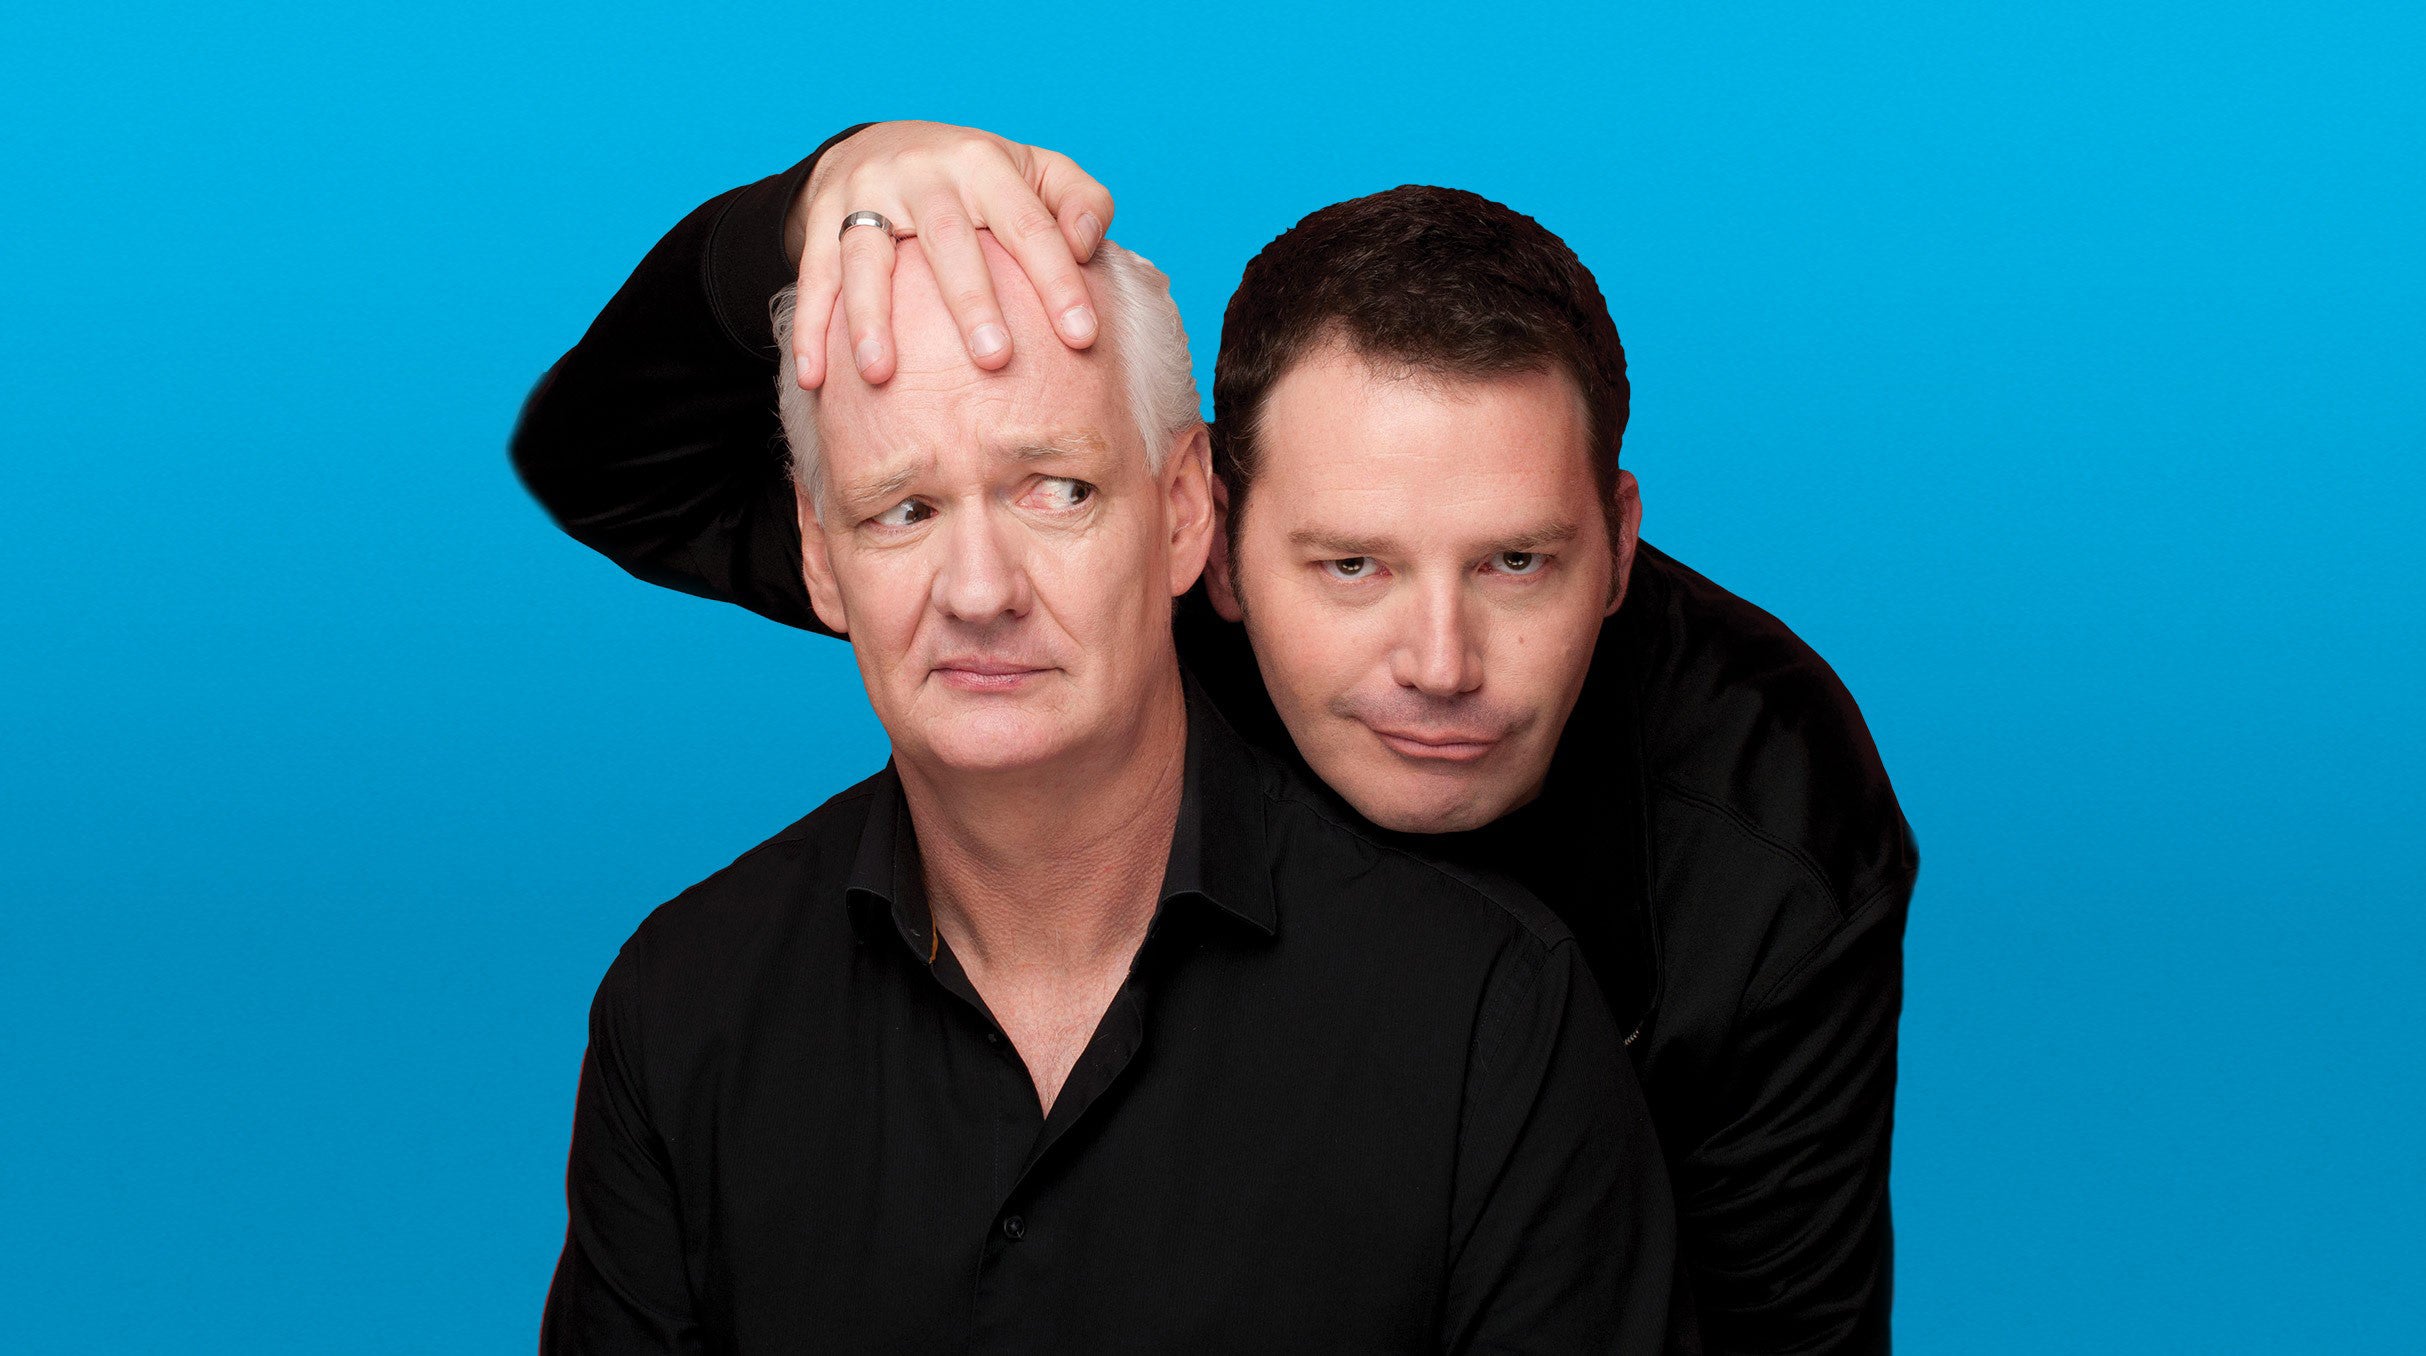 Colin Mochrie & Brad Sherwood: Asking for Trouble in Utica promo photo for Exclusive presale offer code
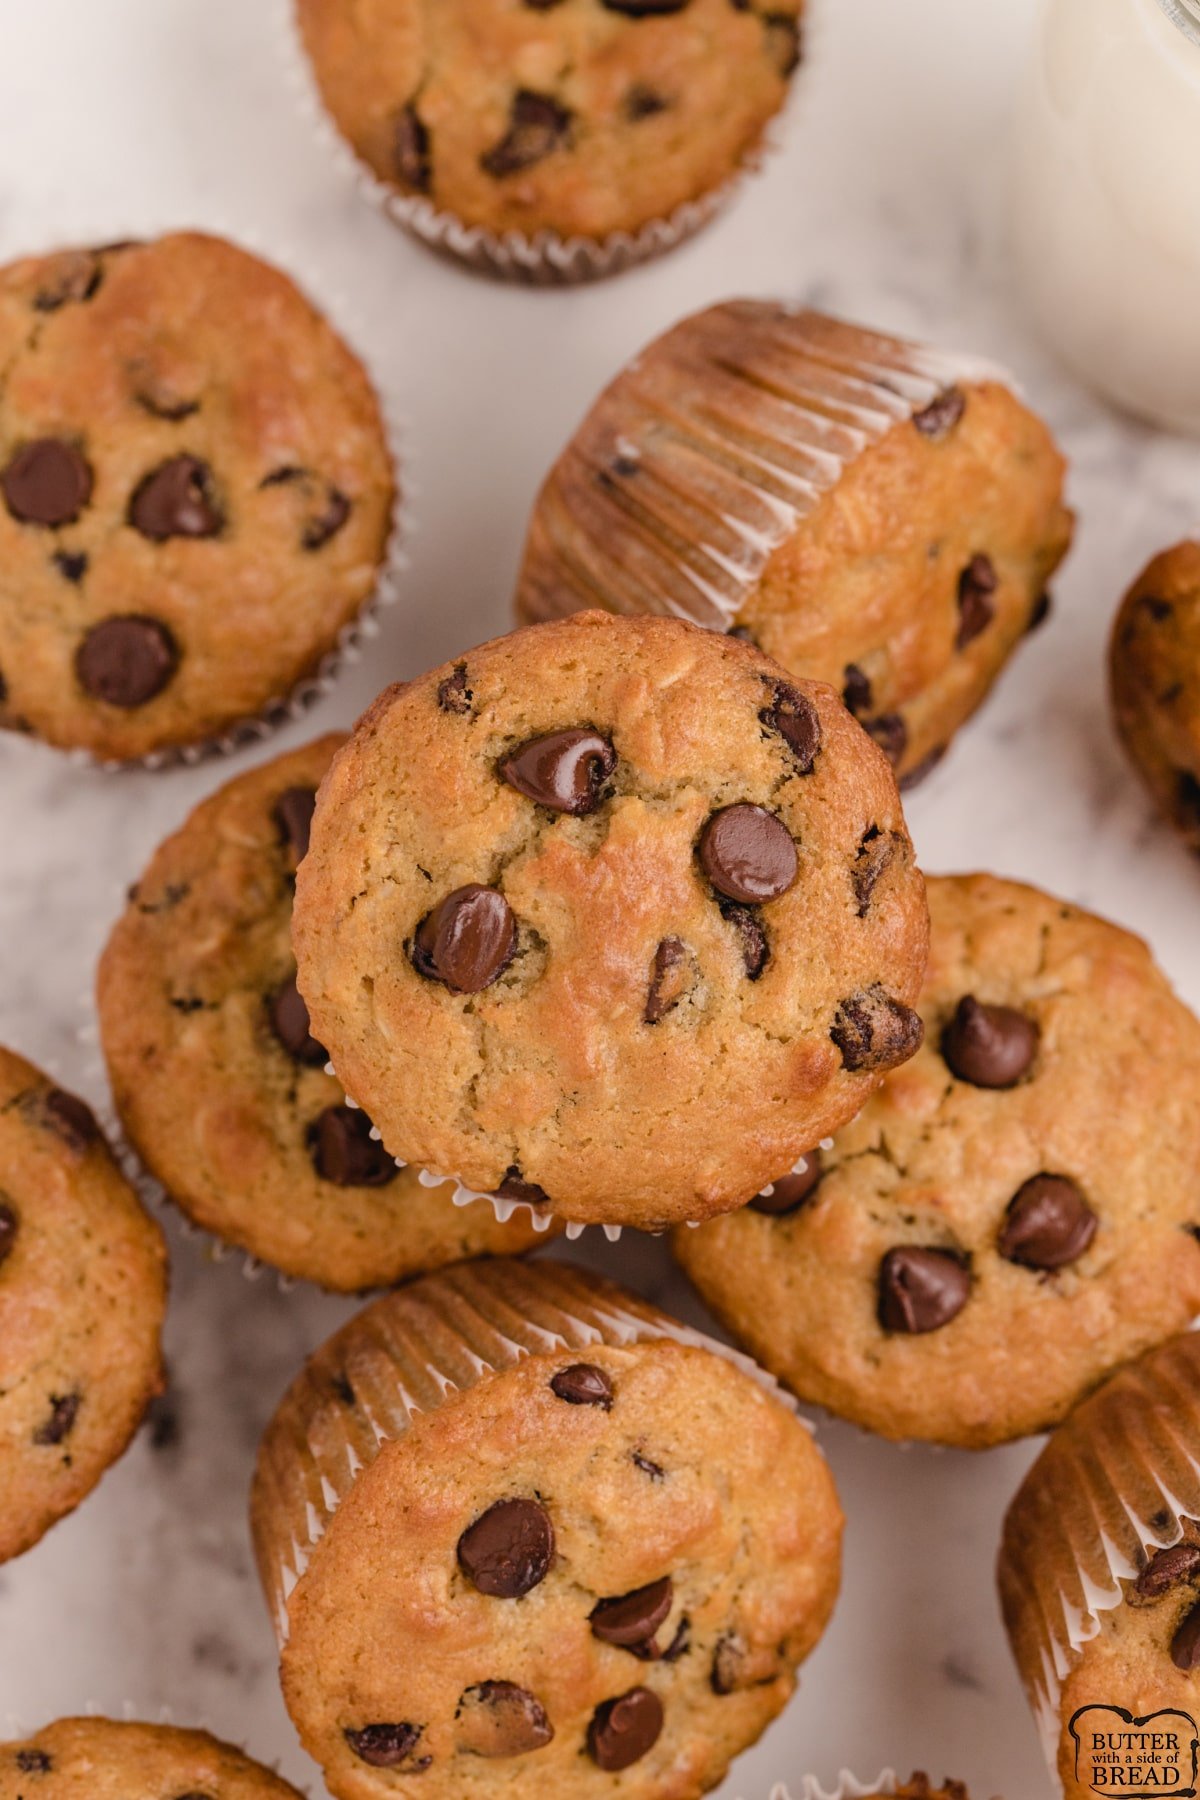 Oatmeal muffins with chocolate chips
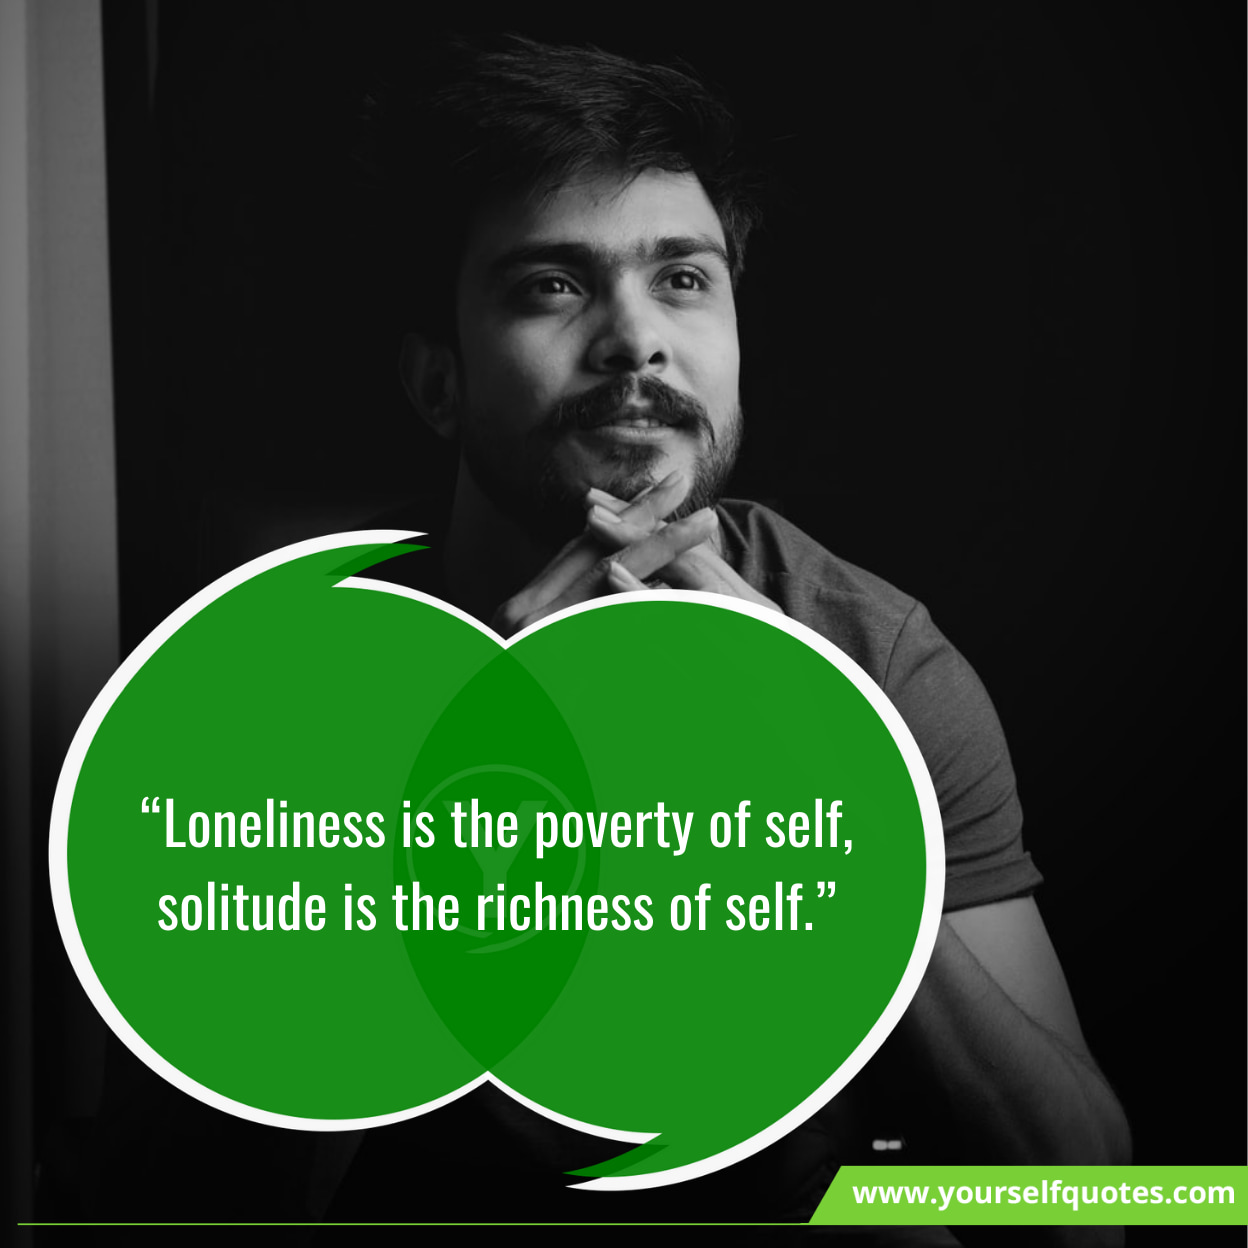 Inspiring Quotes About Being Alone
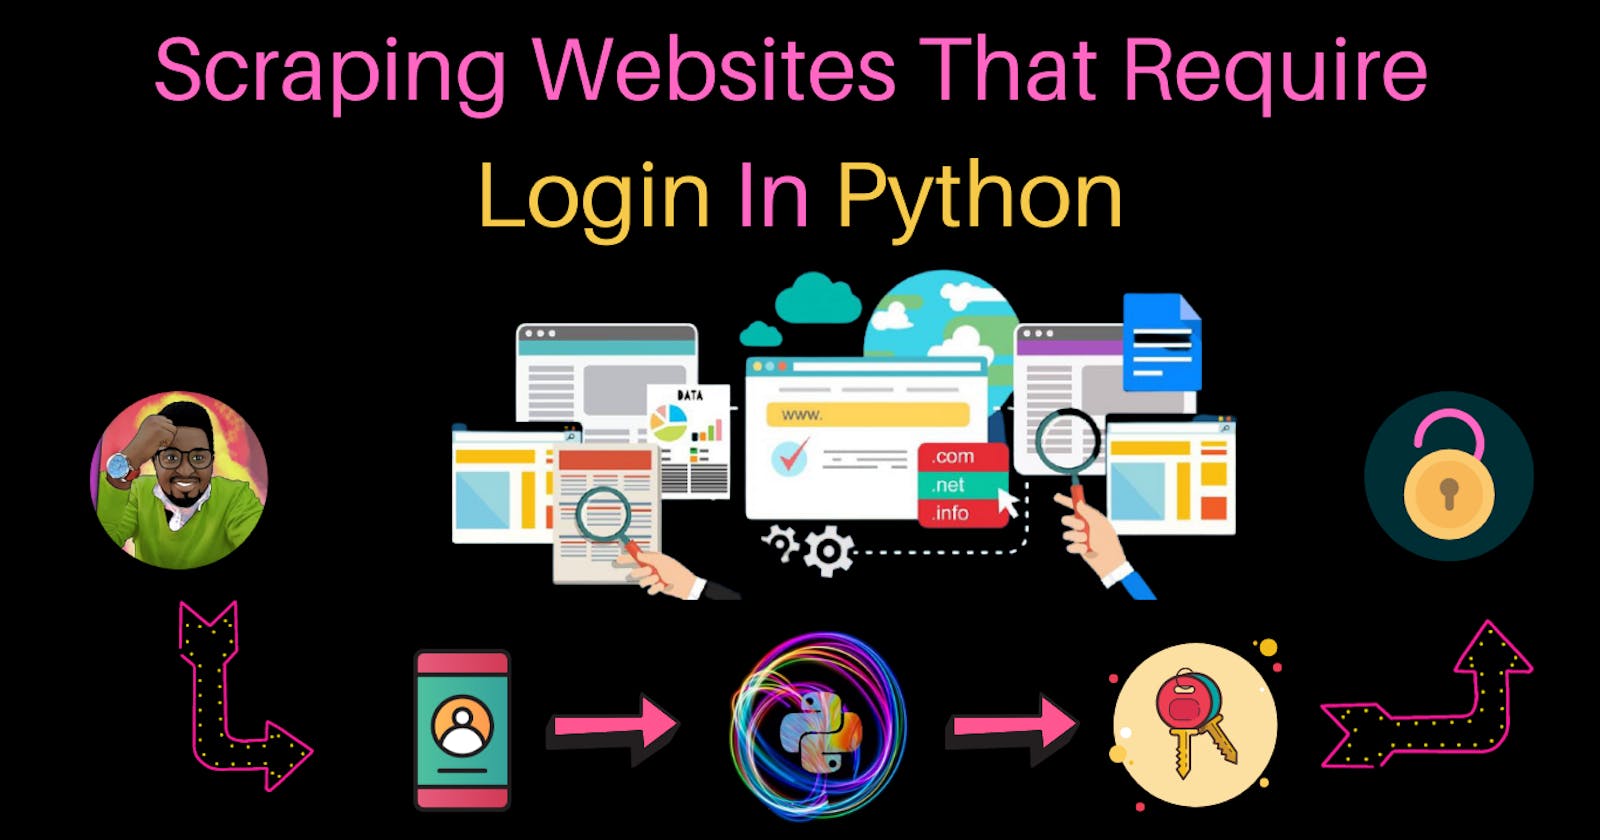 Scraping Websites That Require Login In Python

# What to do
Repeat nothing but the lines from the one containing "Inspiring Quotes About Being Alone" through the last line of the listing, both included, exactly as written, and omit any picture.

# Reply
 Inspiring Quotes About Being Alone
 Scraping Websites That Require Login In Python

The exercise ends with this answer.